Patients who come to see you pay attention to how you ask them questions. If you ask, “Who do you live with?” rather than “Do you live with your wife?” it gives the patient a chance to say, “I live with my partner” or “I live with my husband.” It gives them a space to feel more comfortable coming out to you. If you ask, “Are you dating?” rather than “Do you have a boyfriend?”, they can tell you, “Actually, dating isn’t really my thing,” or “I’m seeing a girl.”

The question “Do you sleep with men, women, or both?” was a step forward for care providers when we started asking that. It gave patients more freedom to be honest with providers, but the conversation has changed over the years, and now that question tells patients something very specific about where you’re coming from: it suggests that you assume they’re having sex, and that you think “men” and “women” are the only options for gender. For asexual patients who don’t want to have sex and find their lives complete without it, that can be a signal they shouldn’t come out to you. For patients who are trans or seeing a trans partner, it can suggest that you think that knowing their gender tells you about their genitals and what sexual health and safety counseling is applicable.

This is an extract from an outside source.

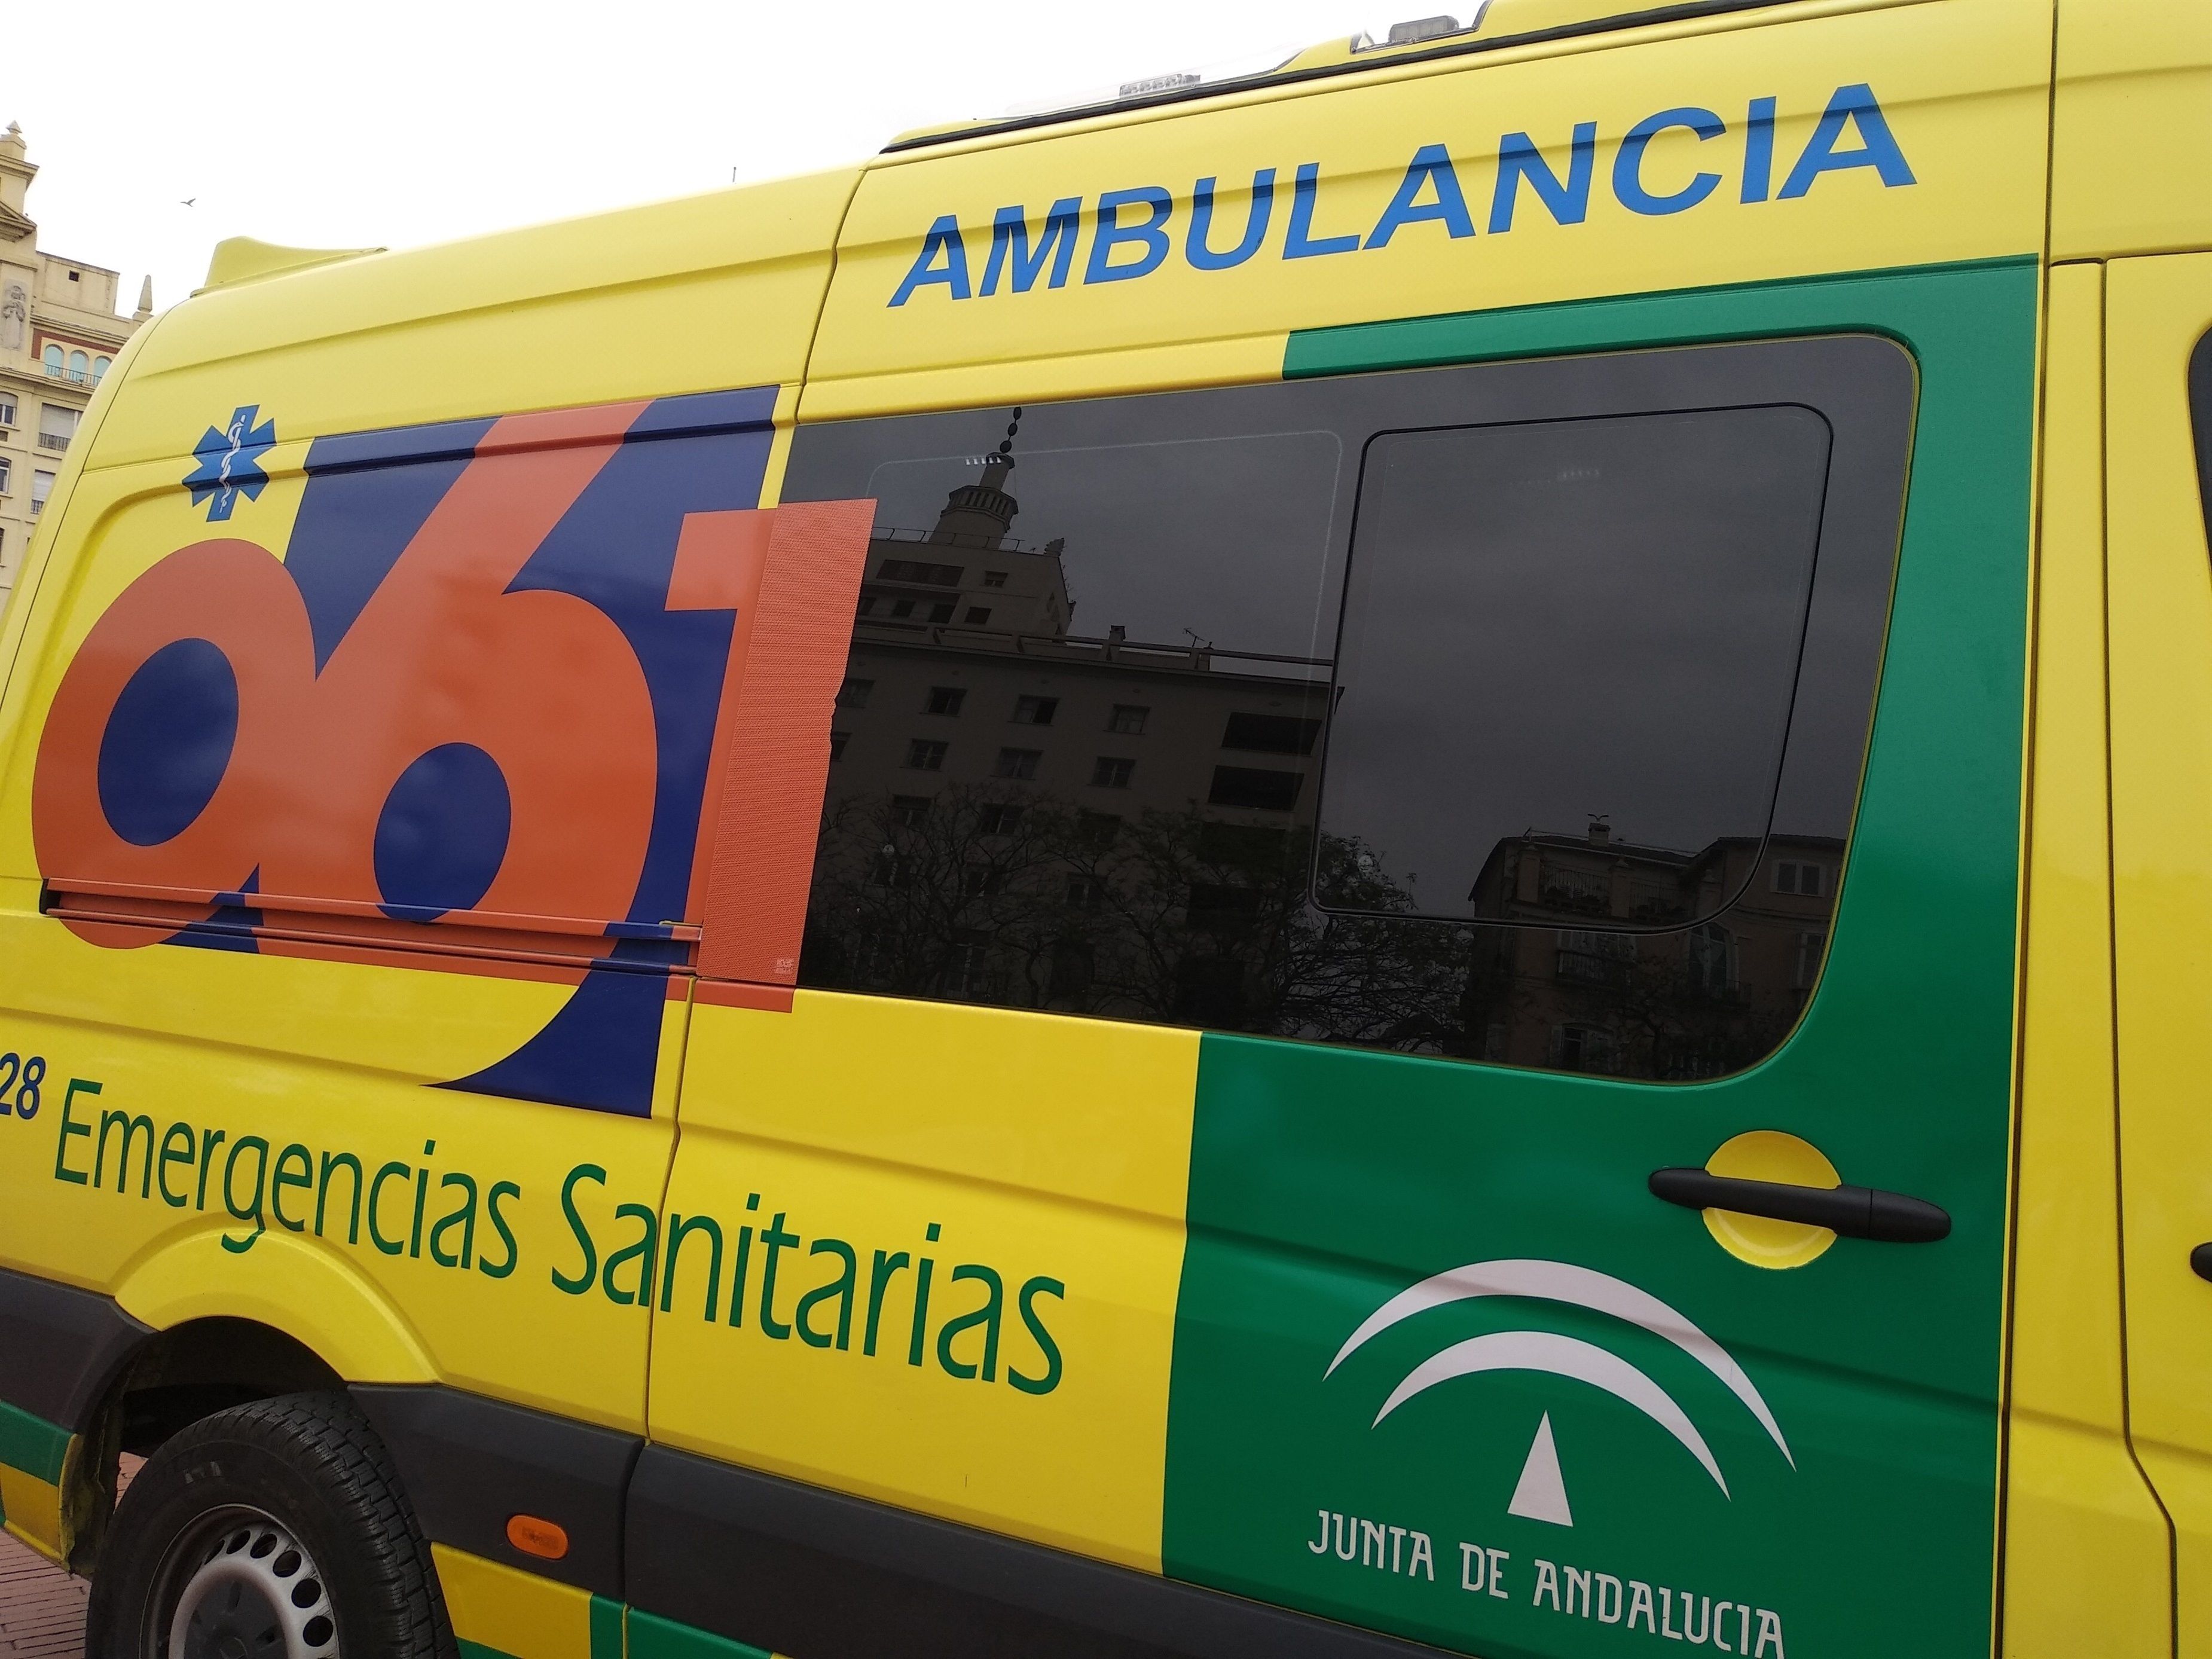 Ambulancia 061 / Europa Press

Building a therapeutic relationship doesn’t need to be complicated. It can be as simple as giving your patients a chance to tell you what their life is like. We already put in the time and effort to ask many of these questions; asking about sexual orientation doesn’t necessarily have to be a separate, awkward question.

Asking patients in a slightly different way can yield better information for you. If you’re a gynecologist and your patient is a cisgender woman who mentions her wife, for example, you may think you don’t need to talk about birth control — but asking the patient, “Did you want to discuss contraception?” can open up surprising conversations about the patient, her wife, and what kind of things they hope for or fear. A lesbian patient may be seeing a cisgender woman or a transgender woman; they might be hoping to get pregnant, or she might be afraid of sexual assault and want an IUD for insurance.

When patients do disclose their sexual orientation and/or gender identity to you, that’s a big compliment. It’s a mark of trust. It means you’ve started building the foundations of a positive, healthy therapeutic relationship. When patients can be honest with you, they can give you better, more complete information, and you can do the best possible job of helping them live healthy, fulfilling lives. Even something as simple as “Who will be able to help you when you’re recovering from this surgery?” can be a meaningful and important moment for patients who may never have been able to come out to a physician before.

Respect your patients, and let that respect inform what questions you ask them and how. It makes for better medicine.

Kristin Puhl is a medical student and can be reached on Twitter @kristinpuhl.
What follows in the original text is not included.